Recuerdo que era muy tarde. Había pasado todo el día preparando el seminario para la próxima semana cuando la madrugada me sorprendió rebuscando entre carpetas y apuntes tachados.
Mi despacho parecía un campo de guerra. Tazas de café a medio beber en todo rincón imaginable, una montaña de colillas asfixiándose en el cenicero y un manto de papeles cubría la estancia como una repentina tormenta de nieve invernal.
La lluvia golpeaba las ventanas con fuerza y la dichosa diapositiva 23 seguía sin aparecer.
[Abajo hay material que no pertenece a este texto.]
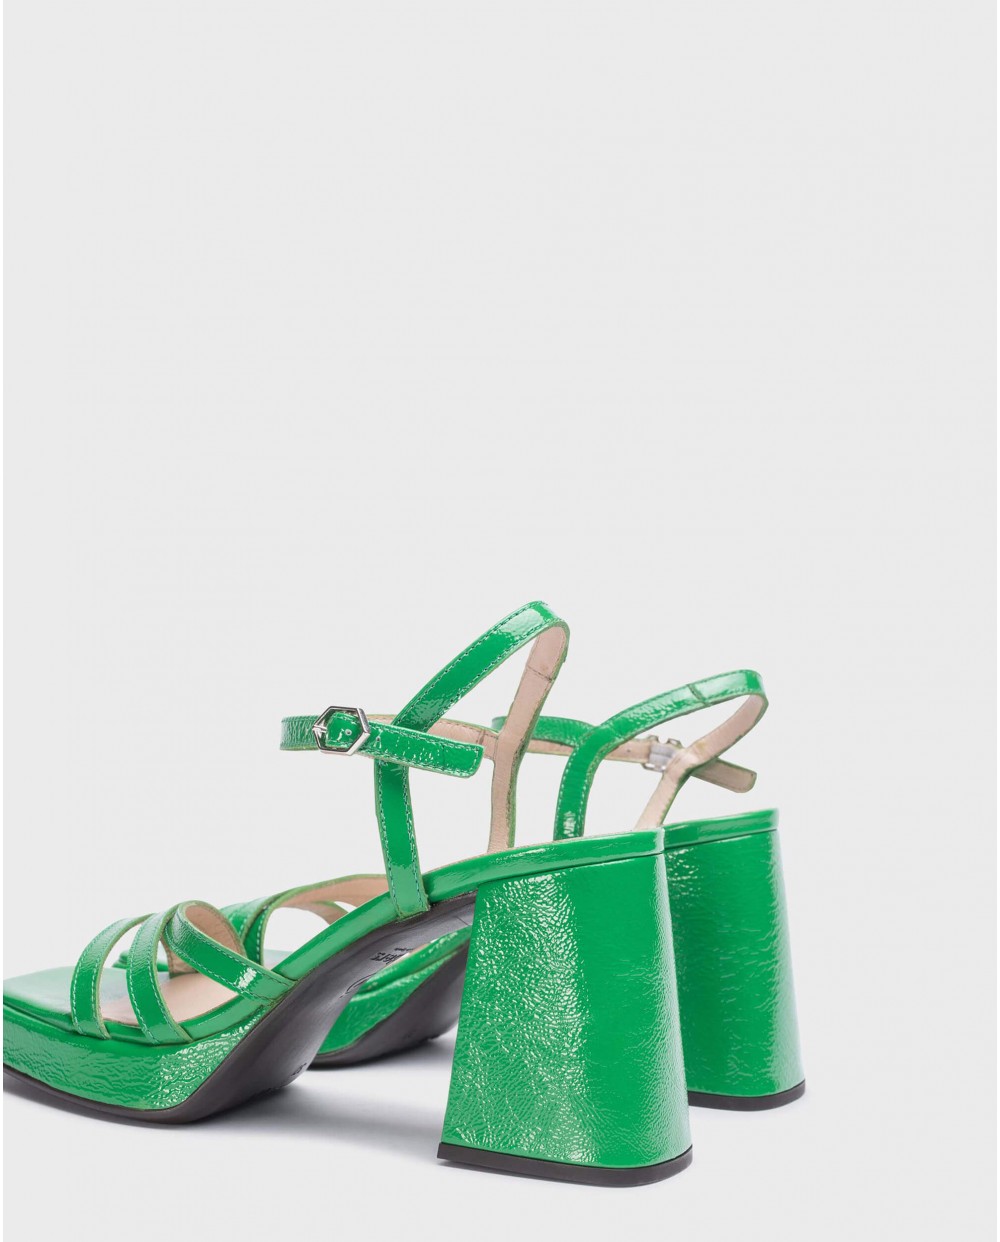 Jade Love sandal

Unos firmes golpes en la puerta me sobresaltaron y dejé caer las carpetas. Comprobé mi reloj. No esperaba visitas y menos a esas horas. Preferí fingir que no había nadie en el despacho con la esperanza de que fuera quien fuese se marchara. Me dejé caer en la silla y encendí un cigarrillo. Tanto esfuerzo me estaba matando.
La puerta sonó de nuevo.
Me levanté a regañadientes. Abrí la puerta airado y dispuesto a despedir personalmente al inoportuno visitante pero no había nadie en el rellano. Recorrí el oscuro pasillo asombrado y receloso. No, ni rastro de que alguien hubiera estado allí.
Cuando regresé a mi despacho, algo crujió levemente a mis pies. Un periódico.
Estaba manchado de una sustancia reseca y rojiza y se podía leer "Lo siento" escrito con rotulador en el borde superior. La página mostraba la fotografía de un accidente de tráfico. No pude distinguir a la víctima pero me fijé en que sostenía algo en su mano.
Una diapositiva marcada con el número 23.